What this task involves: Please keep the images out and set down the data exactly as given.

Data section:
--- --- ---
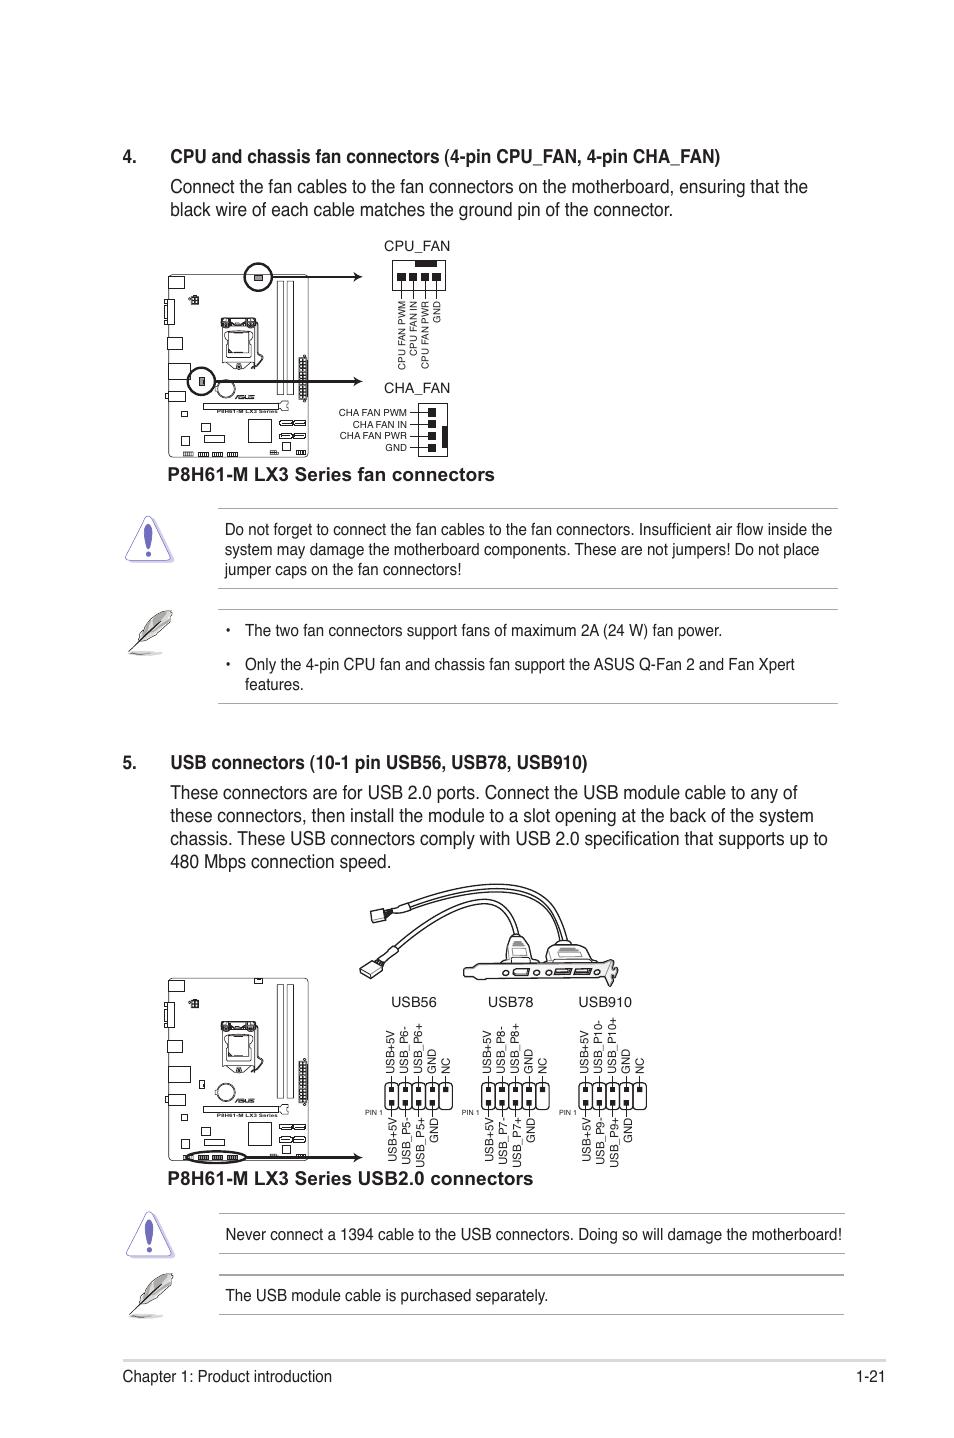 p8h61 m lx3 series fan connectors asus motherboard p8h61 m lx3 motherboard connection diagram p8h61 m lx3 series fan connectors asus motherboard p8h61 m lx3 series user manual page 31 65
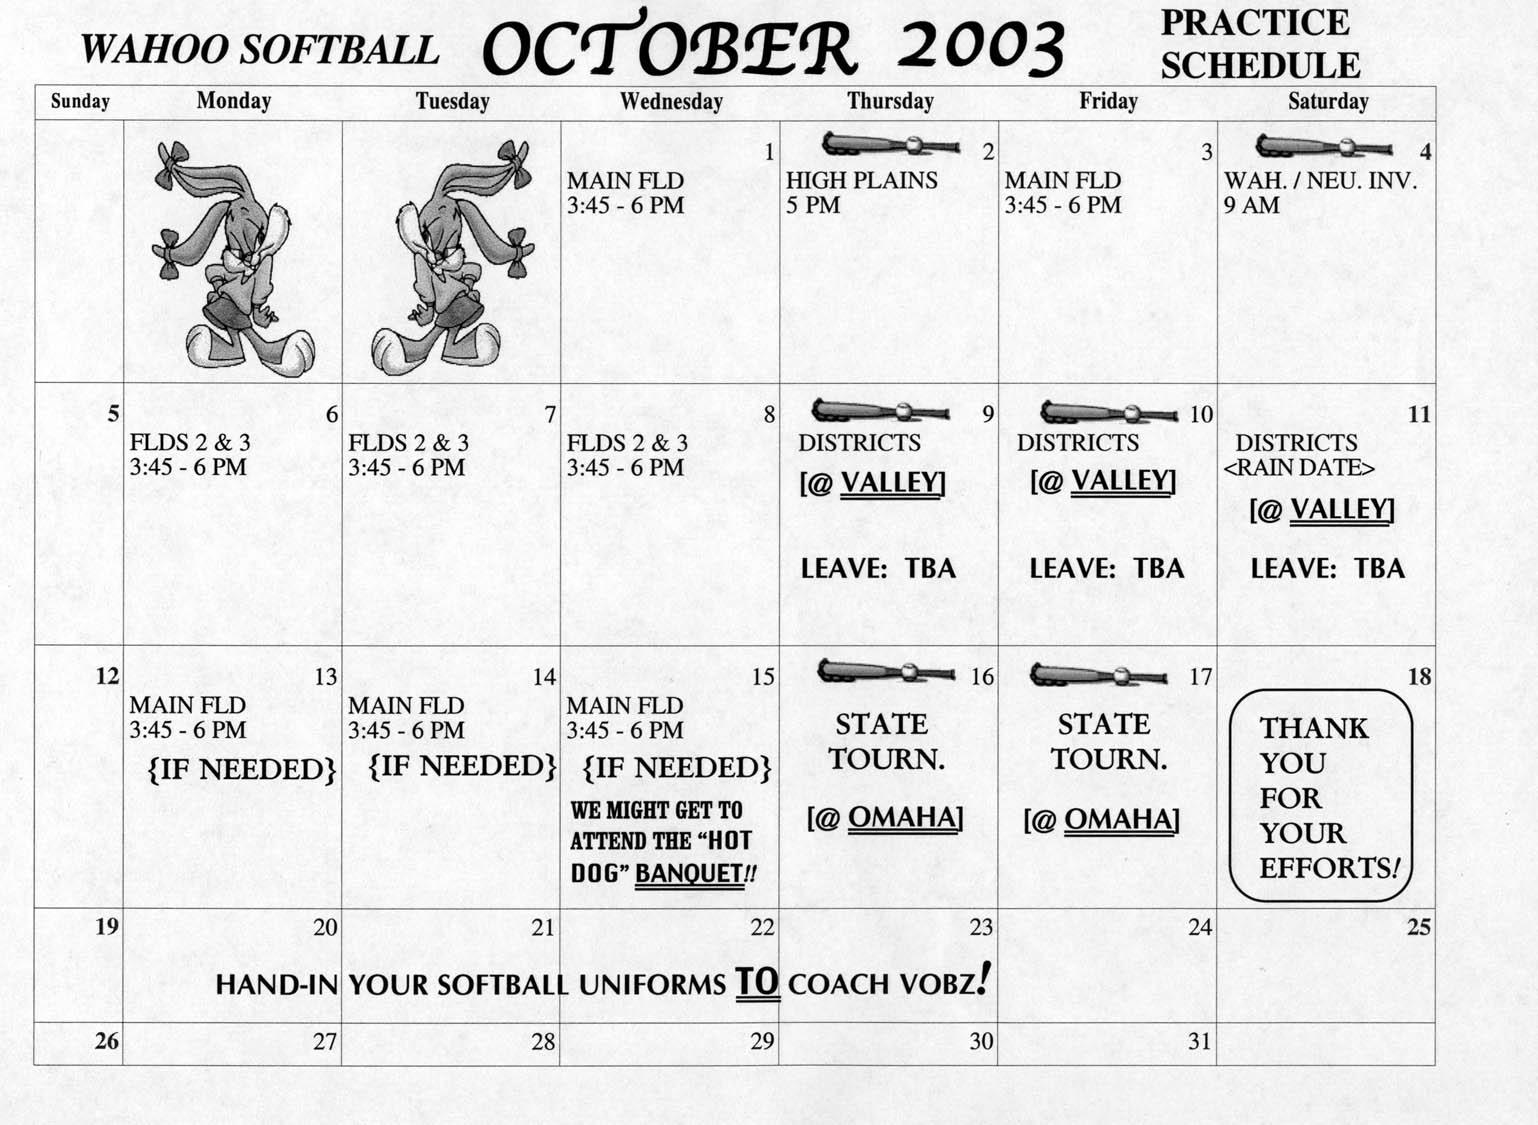 wahoo public schools girls softball practice and game schedule
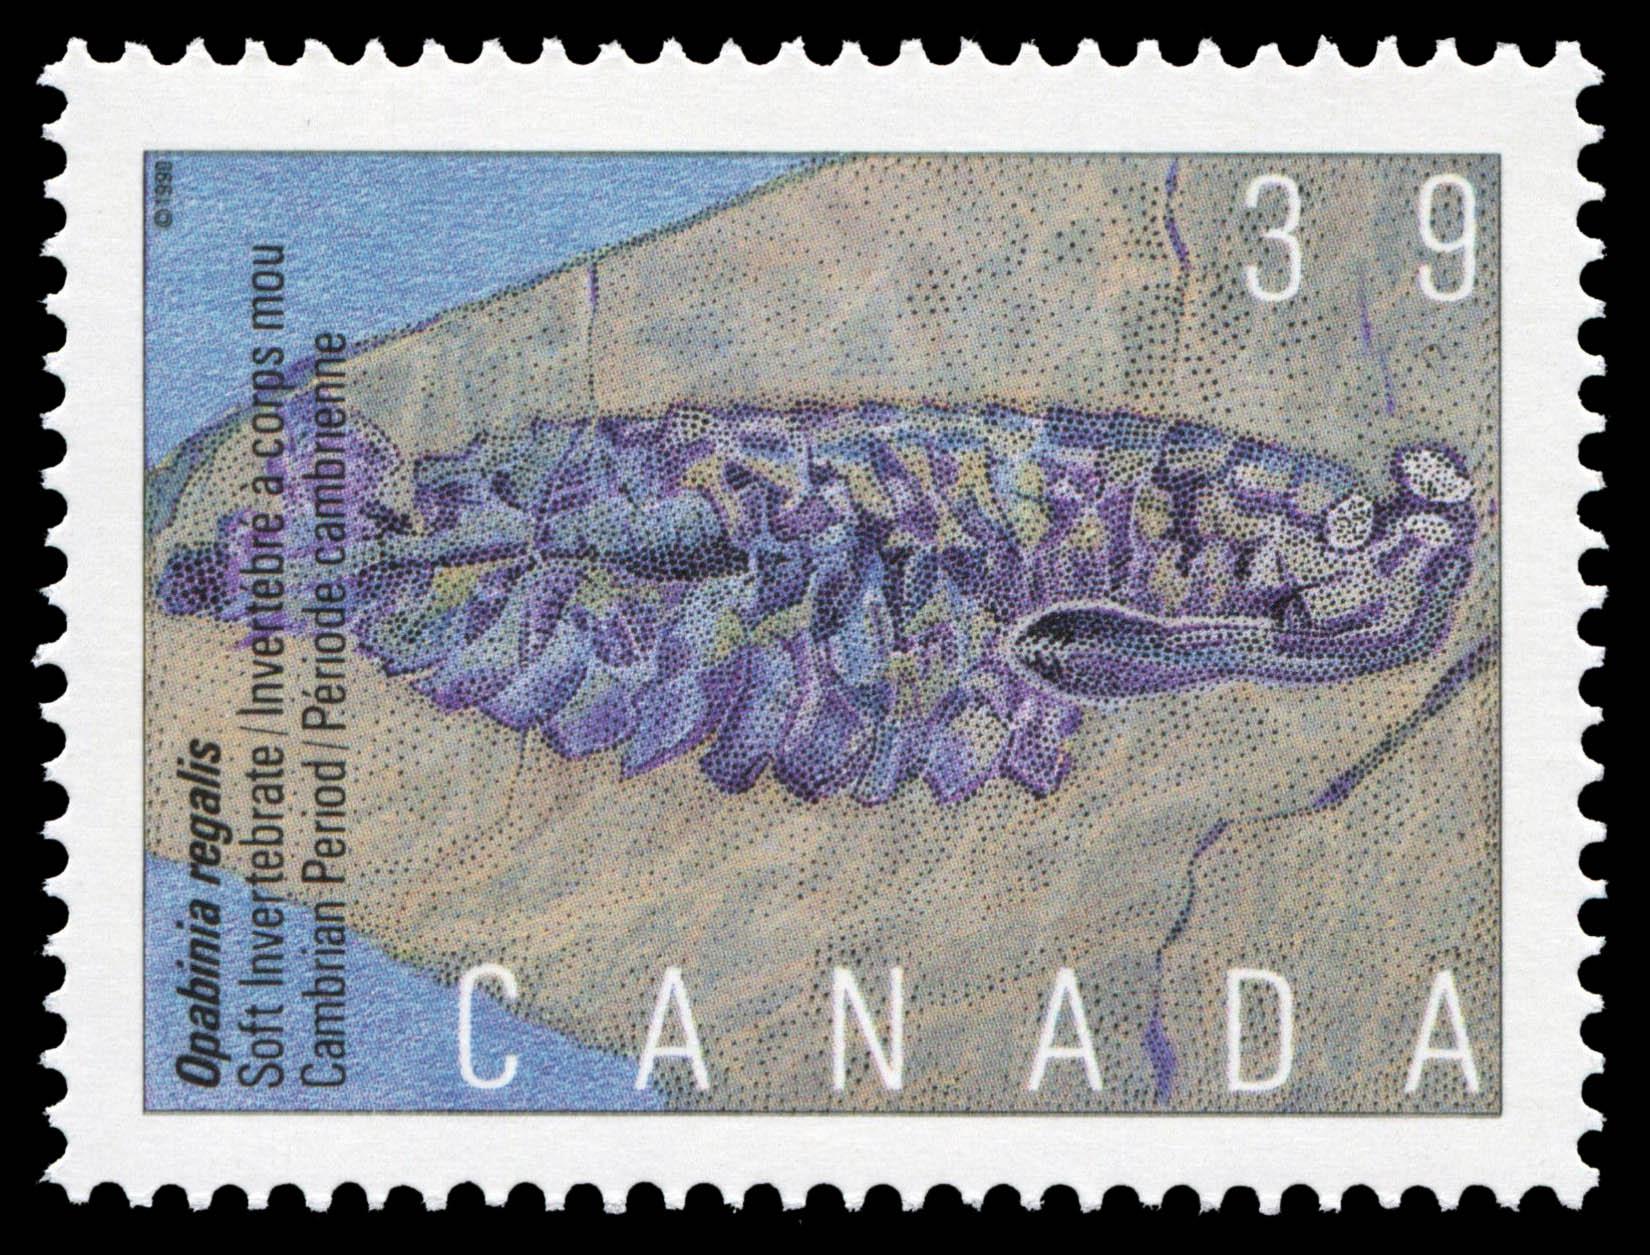 Opabinia regalis, Soft Invertebrate, Cambrian Period Canada Postage Stamp
--- --- ---
Answer area:
 p8h61 m lx3 series fan connectors asus motherboard p8h61 m lx3 motherboard connection diagram p8h61 m lx3 series fan connectors asus motherboard p8h61 m lx3 series user manual page 31 65
 wahoo public schools girls softball practice and game schedule
 Opabinia regalis, Soft Invertebrate, Cambrian Period Canada Postage Stamp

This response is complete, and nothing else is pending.